Cuando más tarde trató de calcular su tamaño y velocidad, se sorprendió al descubrir que se movían a 1,200 millas por hora. Esto era el doble de la velocidad del avión a reacción más avanzado en ese momento; No fue hasta octubre de 1947 que el piloto de pruebas Chuck Yeager rompió por primera vez la barrera del sonido (760 mph al nivel del mar).

El avistamiento de Arnold hace 74 años, y el famoso “incidente de Roswell” que siguió dos semanas después, dieron a luz a la era del “platillo volante”, una frase acuñada por un subeditor de un periódico. La historia del piloto se volvió viral e incitó a miles de personas a informar sus propias observaciones de extraños objetos voladores que muchos creían que eran naves pilotadas por seres avanzados e inteligentes en otras palabras.

Más de siete décadas después, la fascinación por los ovnis sigue atrayendo la atención internacional, la última del expresidente estadounidense Barack Obama.

image(De izquierda a derecha) Los pilotos EJ Smith, Kenneth Arnold y Ralph E. Stevens examinan un dibujo de un objeto volador no identificado que avistaron mientras se dirigían a Seattle, Washington. (Foto de Getty Images)

¿Cuándo comenzó nuestra fascinación por los ovnis?

El interés en la existencia de extraterrestres se remonta a la antigüedad. Pero la idea de que los misteriosos objetos voladores, los ovnis, son naves extraterrestres que visitan la Tierra, y este hecho ha sido encubierto por sucesivos gobiernos, se remonta al comienzo de la Guerra Fría.

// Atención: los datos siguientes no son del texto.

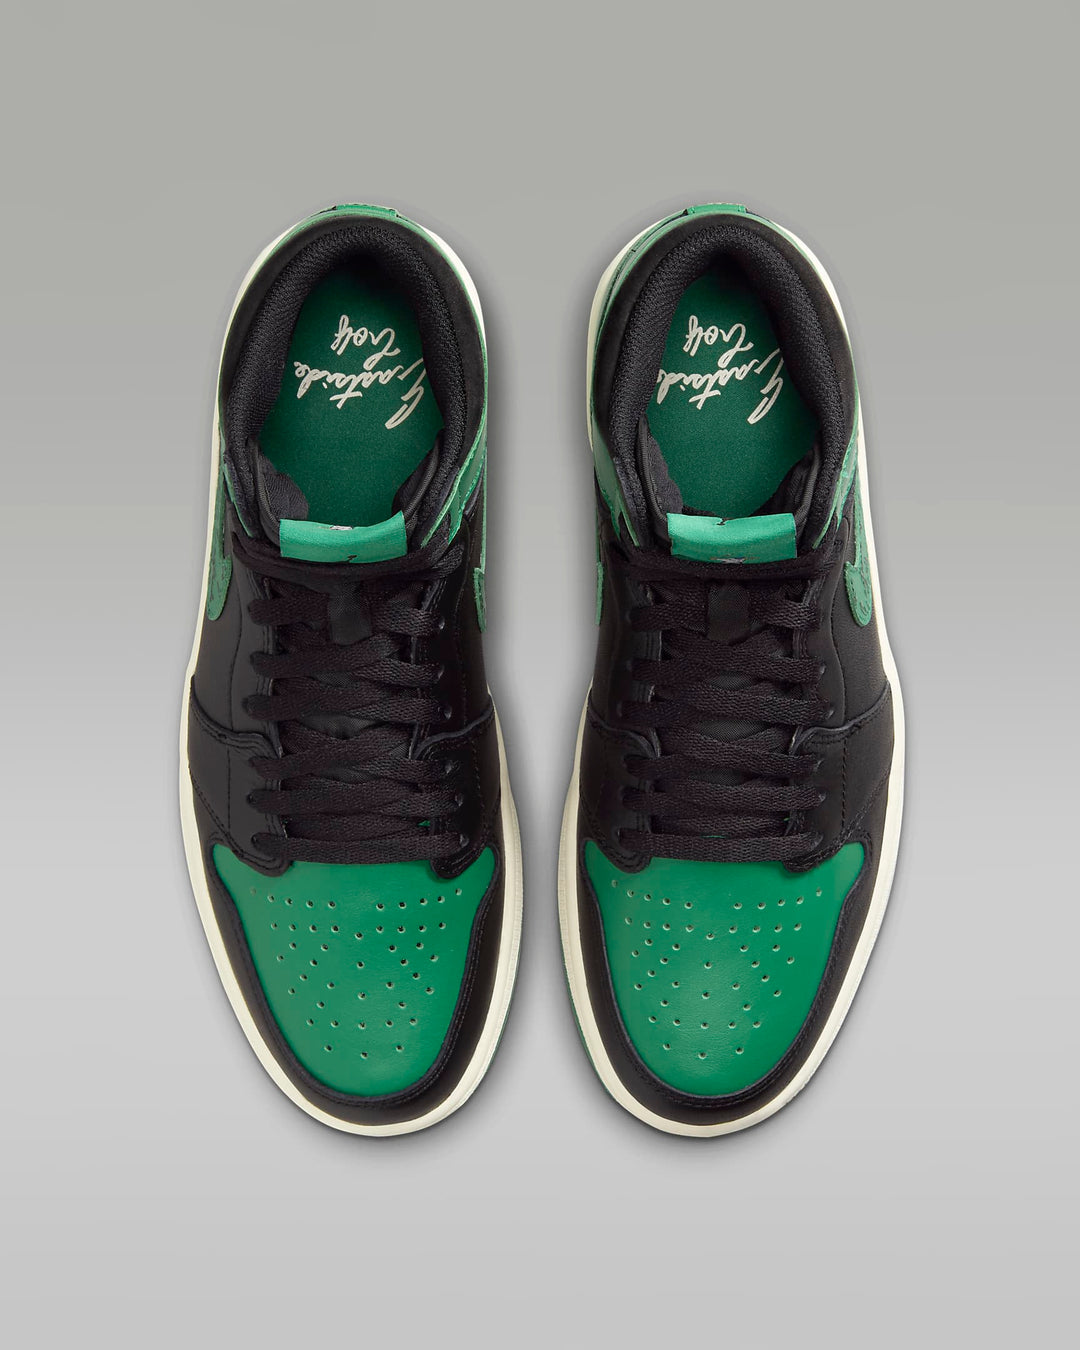 Giày Nike Air Jordan I High G x Eastside Golf Men Golf Shoes #Malachite
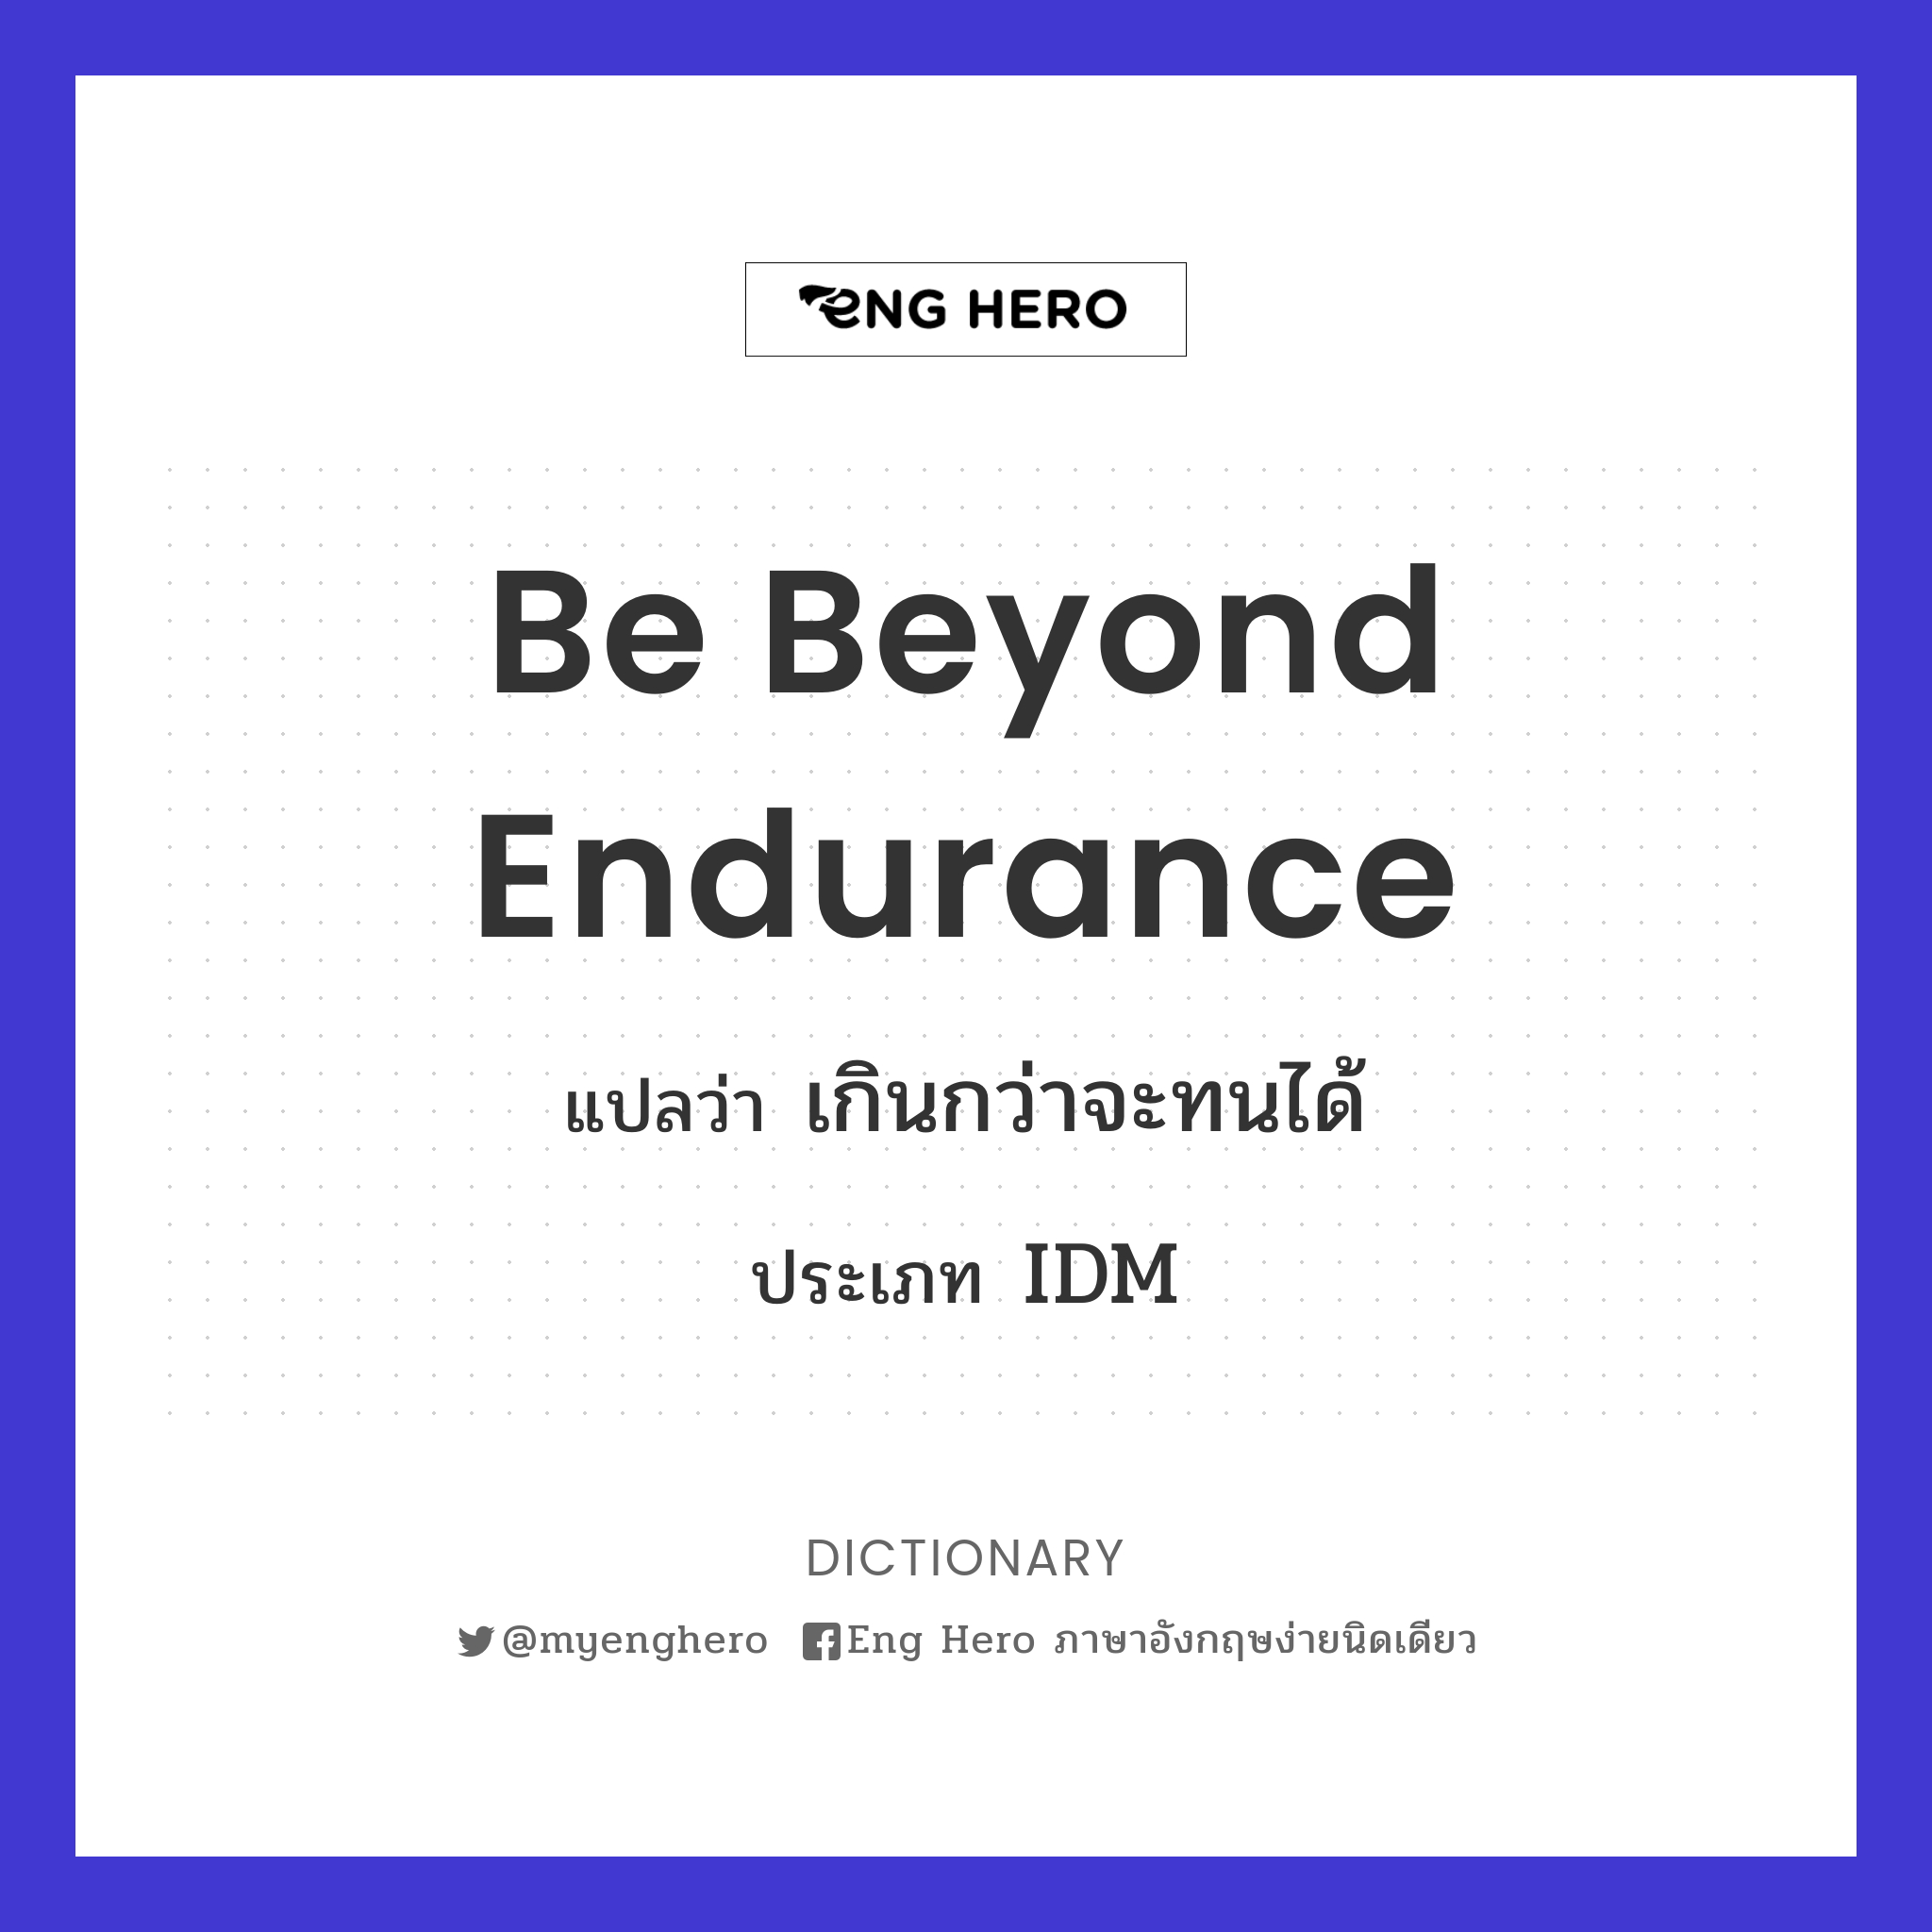 be beyond endurance

Inicialmente, la locura por ver “platillos voladores” se comparó con el Monstruo del Lago Ness, y quienes los informaron a menudo fueron injustamente descreídos o ridiculizados. Pero cuando los pilotos militares y otros comenzaron a relatar experiencias y fueron apoyados por nombres de alto perfil como el pariente real Lord Mountbatten y el astronauta Edgar Mitchell, quedó claro que el asunto no iba a morir.

Siete décadas de historias, afirmaciones sensacionales y contraafirmaciones han generado libros, películas, programas de televisión y artículos de medios que buscan satisfacer la demanda insaciable del público de todo lo relacionado con los ovnis. El historiador Hilary Evans comentó una vez que la mayoría de nosotros nunca ha conocido un momento en el que no existiera un ovni. “Los ovnis son una creación de nuestro tiempo”, escribió. “Y cuando llegó su momento, nacieron”.

imageUn extraterrestre se acerca a un hombre en la celda en una escena de la película “El día en que la tierra se detuvo”, 1951. (Foto de 20th Century-Fox/Getty Images)

Desde el nacimiento de la ovnilogía, el misterio en desarrollo ha atraído a presidentes de Estados Unidos y primeros ministros británicos. Ronald Reagan, era (según su biógrafo Lou Cannon) fanático de la película de ciencia ficción de la Guerra Fría The Day the Earth Stood Still (1951). En 1985 sorprendió al presidente de la URSS, Mikhail Gorbachev, en una cumbre en Ginebra, al decir que confiaba en que las dos superpotencias cooperarían si la Tierra alguna vez se viera amenazada por una invasión extraterrestre. Jimmy Carter informó sobre su propio avistamiento de una luz blanca brillante en 1969, dos años antes de convertirse en gobernador de Georgia, que luego fue identificado como el planeta Venus. Y durante una entrevista televisiva en directo en 2014, Bill Clinton reveló cómo, poco después de ser reelegido para un segundo mandato como presidente, había ordenado una revisión de los registros del famoso incidente de Roswell que había marcado el comienzo de la era ovni 50 años antes.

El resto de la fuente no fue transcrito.